This entry is about a few problems the search engine has been struggling with lately, and how I’ve been attempting to remedy them.
Before the article starts, I wanted to share an amusing new thing in the world of Internet spam.
For a while, people have been adding things like “reddit” to the end of their Google queries to get less blog spam. Well, guess what? The blog spammers are adding “reddit” to the end of their titles now.
One of the great joys of this project is watching the spammers’ strategies evolve in real time.
A persistent problem I’ve had is simply not getting a lot of results. A part of this is because the index is small, sure, but it still seems like there should be more. Oftentimes there are more, if you alter the query a little bit, but that’s really hard to see.
I’ve had some code generating alternate queries for a while (like pluralizing/depluralizing words), but it’s been almost comically dumb and only added additional terms in a few rare cases. A big constraint is budgetary, I simply can’t try every possible permutation.
A new approach is to use part-of-speech information to limit which variants are tested, as well as using a term frequency dictionary to filter out alternatives that probably don’t exist anywhere in the index.
To give you an idea of what it’s generating, this is the n-grams it will search for if you enter “The Man of Tomorrow”.
the_man_of_tomorrow man_of_tomorrow the_man, tomorrow the_man, tomorrows man, tomorrow man, tomorrows
I’m choosing this not only because it illustrates the re-writing logic, but also because it’s a bit of a pathological case that shows some bad rewrites. Some of these are clearly more relevant than others. “man, tomorrows” is pretty useless. The queries are evaluated in the listed order, so in most cases it doesn’t matter too much.
It will also try some additional rewrites, such as concatenating terms under certain circumstances, and breaking them apart in others.
“TRS80” will produce “trs80” and “trs_80”, and conversely “TRS-80” will also yield a “trs80”-term.
“Raspberry Pi 2” will produce
raspberry_pi_2 raspberrypi, 2 raspberry, pi_2 raspberry_pi, 2 raspberry, pi, 2
The next big problem has been that the search engine has been spectacularly good for narrow topics. If your search term was one topic, and that topic was broadly within the range of things covered by the index, oh boy did it occasionally produce some stellar results.
If you however tried to refine the results by adding more search terms, the results often drastically got worse.
For example: If you searched for “graph algorithms”, you found a beautiful page on graph algorithms, including Strongly Connected Components. If you searched for “graph algorithms SCC”, that page ranked very low, and instead most of what floated to the top was junk. That’s pretty weird. It took a while to figure out what was going wrong.

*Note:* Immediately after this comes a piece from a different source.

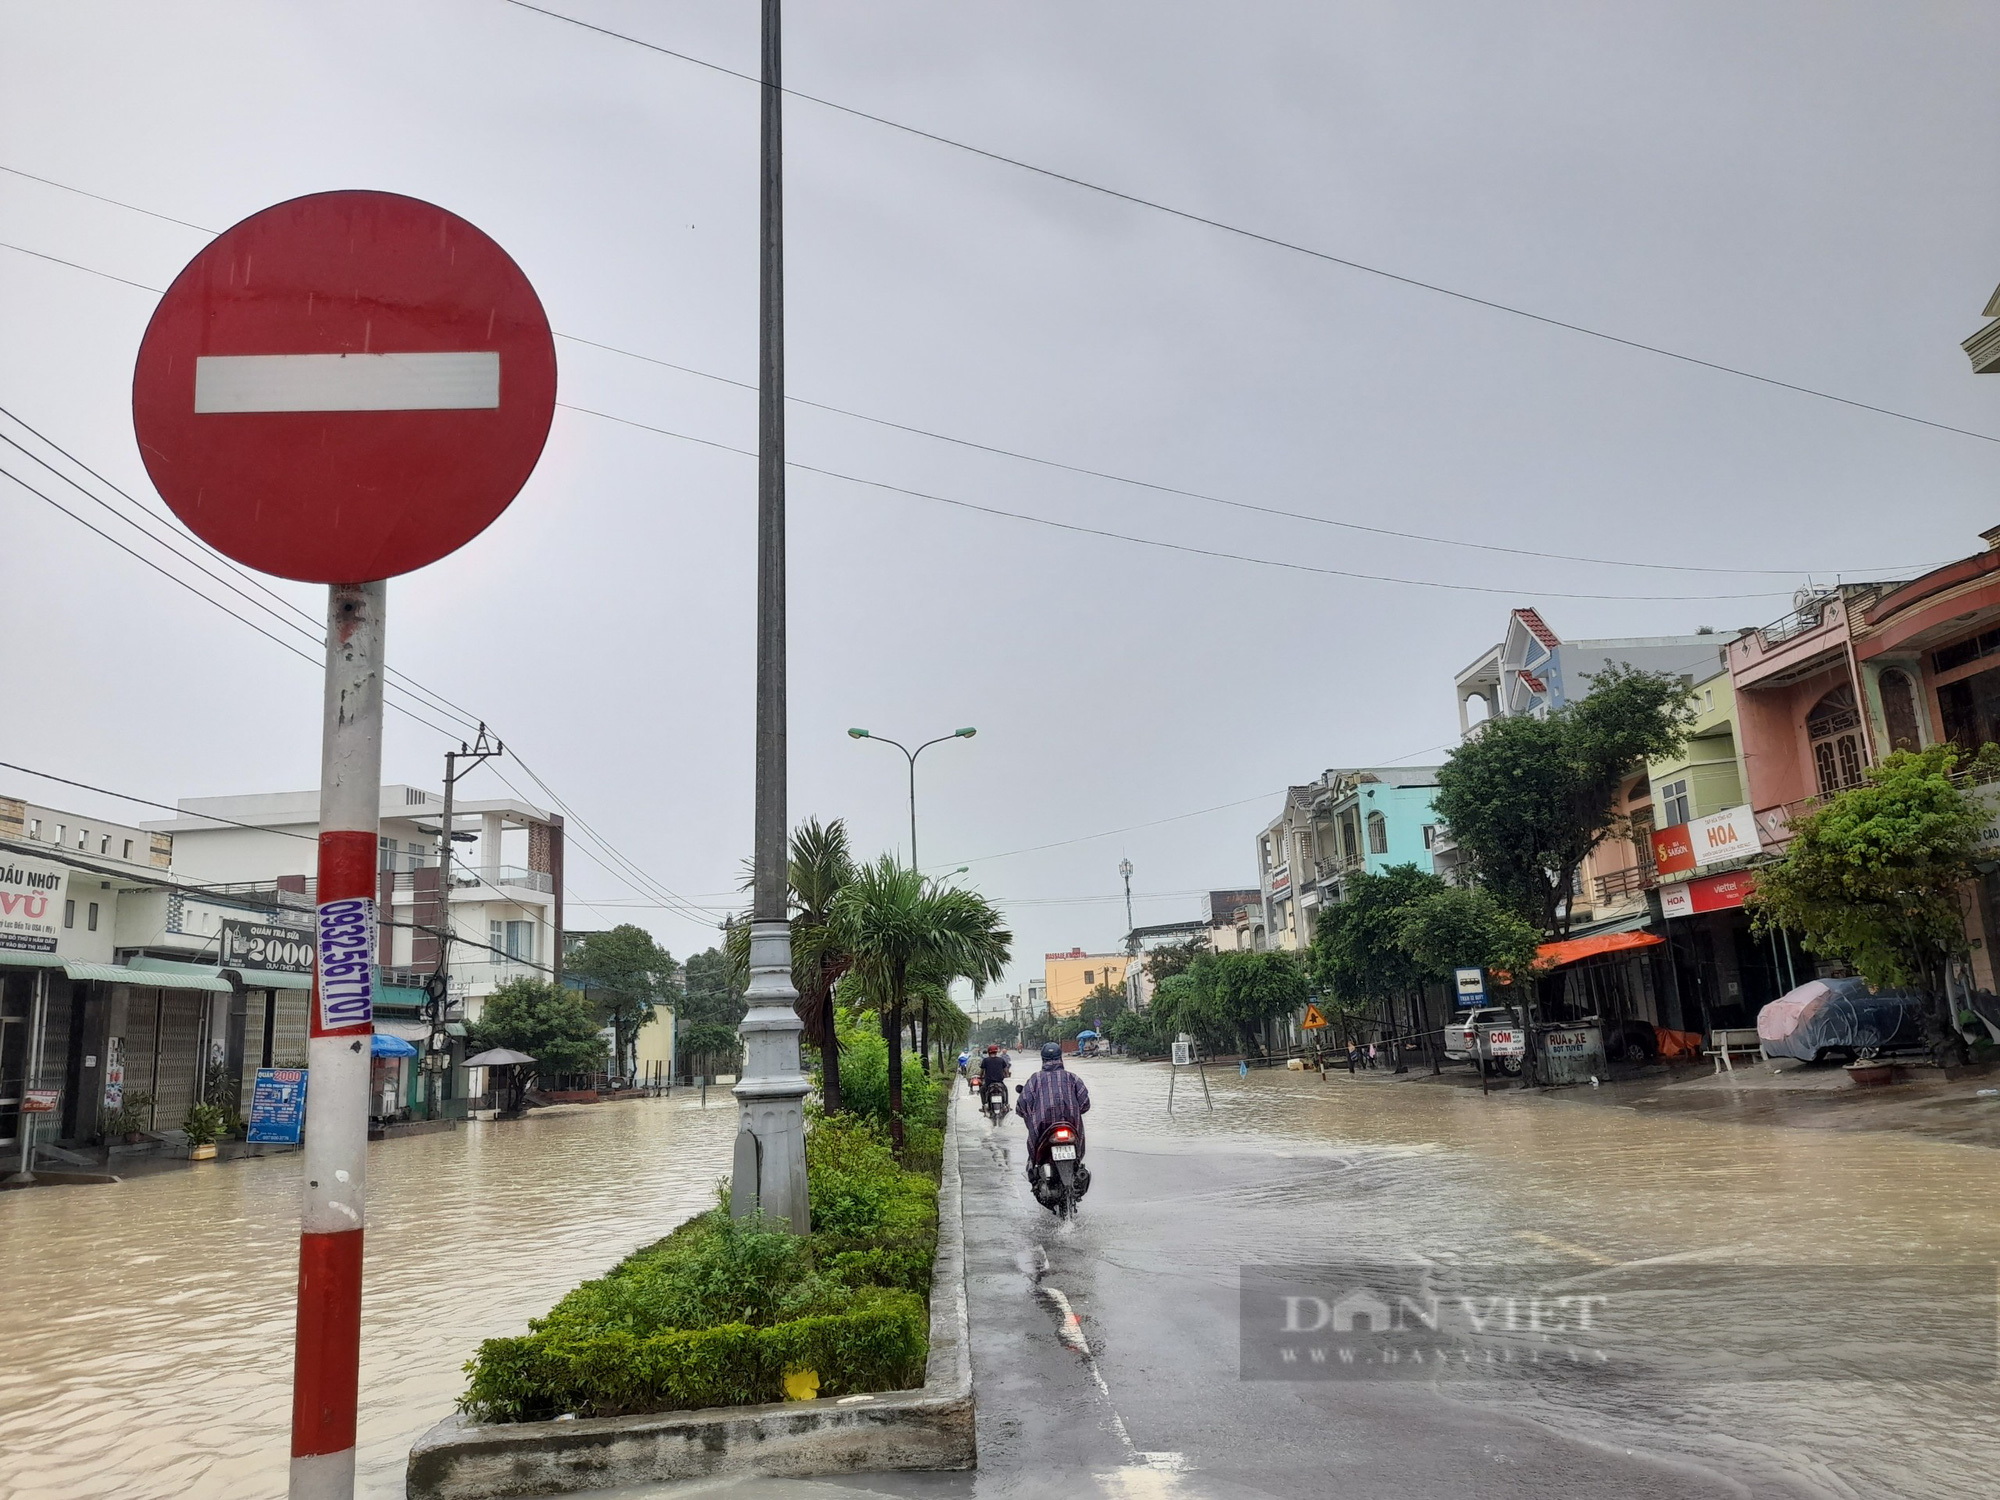 Bình Định: Quốc lộ 1 ngập nước, mố cầu Ngô La sạt lở gây chia cắt nhiều giờ ở huyện miền núi - Ảnh 8.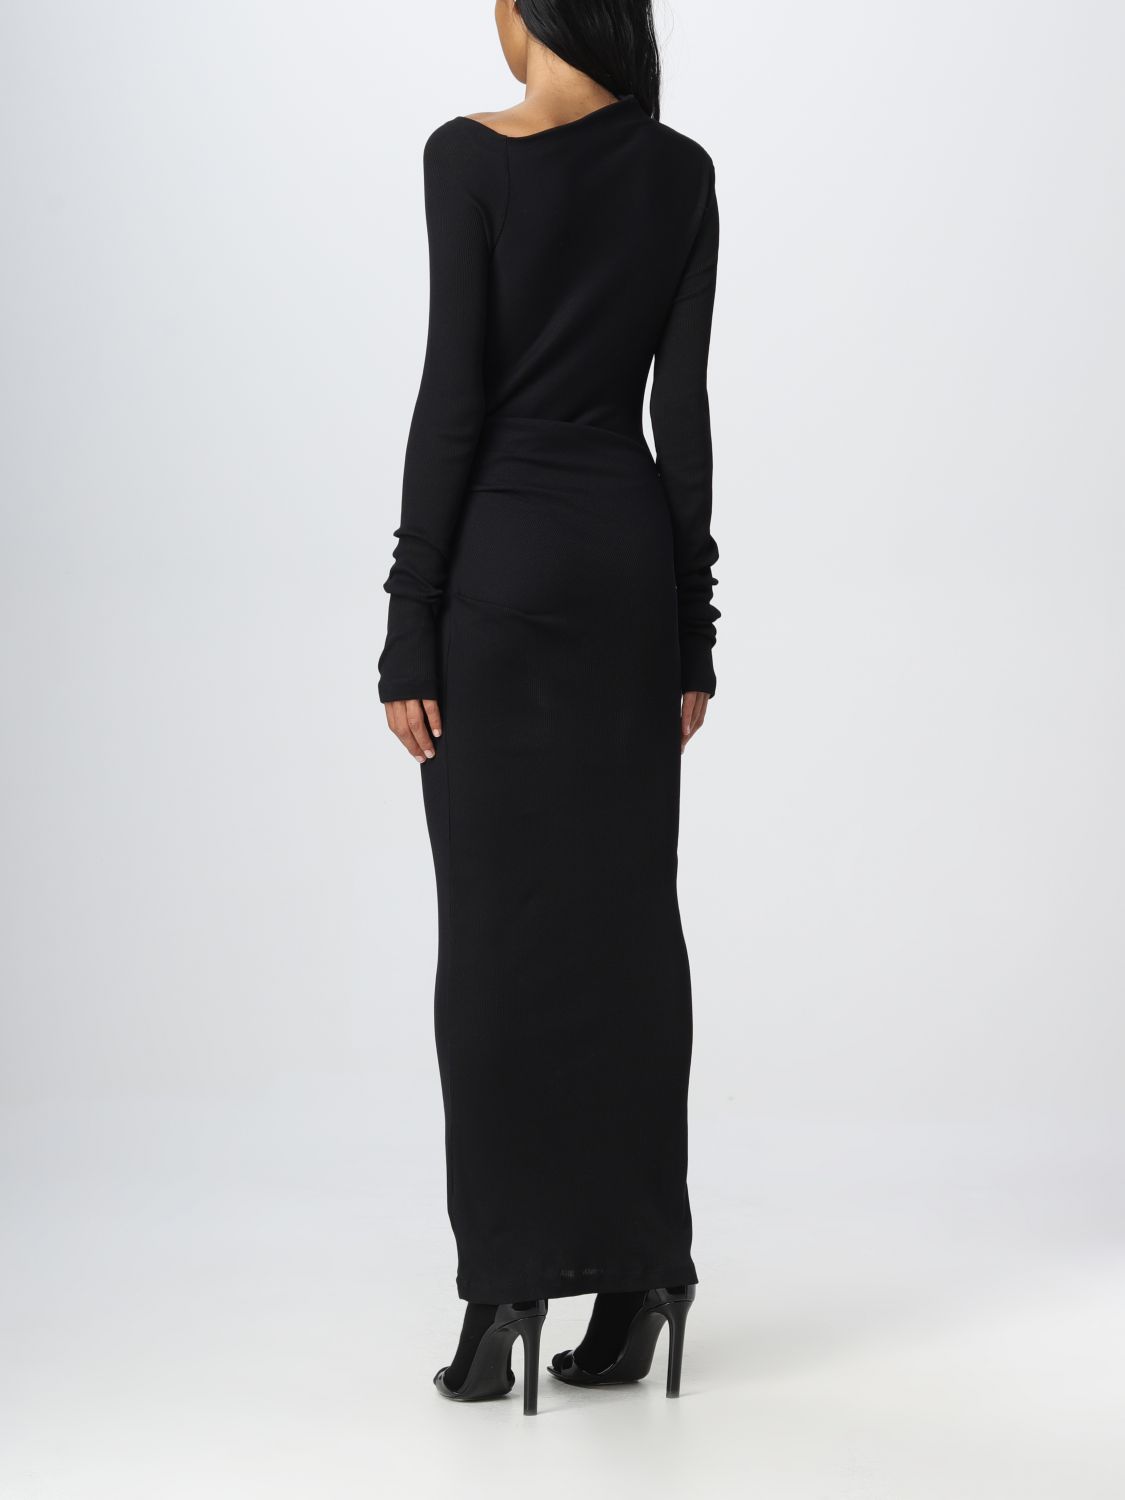 Robes Helmut Lang: Robes Helmut Lang femme noir 2

While the search engine has gotten reasonably good at figuring out which search terms are relevant to a document, it was bad at figuring out which search terms are relevant to a query. This is fine if there is only one term, but for multiple terms, things fall apart. It would, in short, use the relevance of the least relevant term (with regard to the document) to rate the relevance of the search result.
If we consider a query like “C++ tutorial”, ignoring N-grams, we can see that these terms are not equal. Ideally we’d like all terms to be highly relevant, but in the case that they aren’t, it’s much better to show results that are highly relevant to “C++” but only briefly mentions “tutorial”, than terms that are highly relevant to “tutorial”, but only briefly mention “C++”.
A way of using this is to consider the term frequency of the search term across all documents. Terms that occur often are probably less informative than terms that are rarer.
Ideally you would use something like Okapi BM25, but the information that ranking function requires is not something that is readily available the way the search index is currently implemented, so I’ve had to, using what I have available, cook up something that behaves in a similar way; a average weighted on in inverse document frequency.
Both these changes are pretty rough, and still need some more polish, but I do think they are steps in a good direction. At the time of writing, these features are incubating, and only fully enabled for the ‘Experimental’ index. When I’m happy with how it works, I will apply it to the other indices.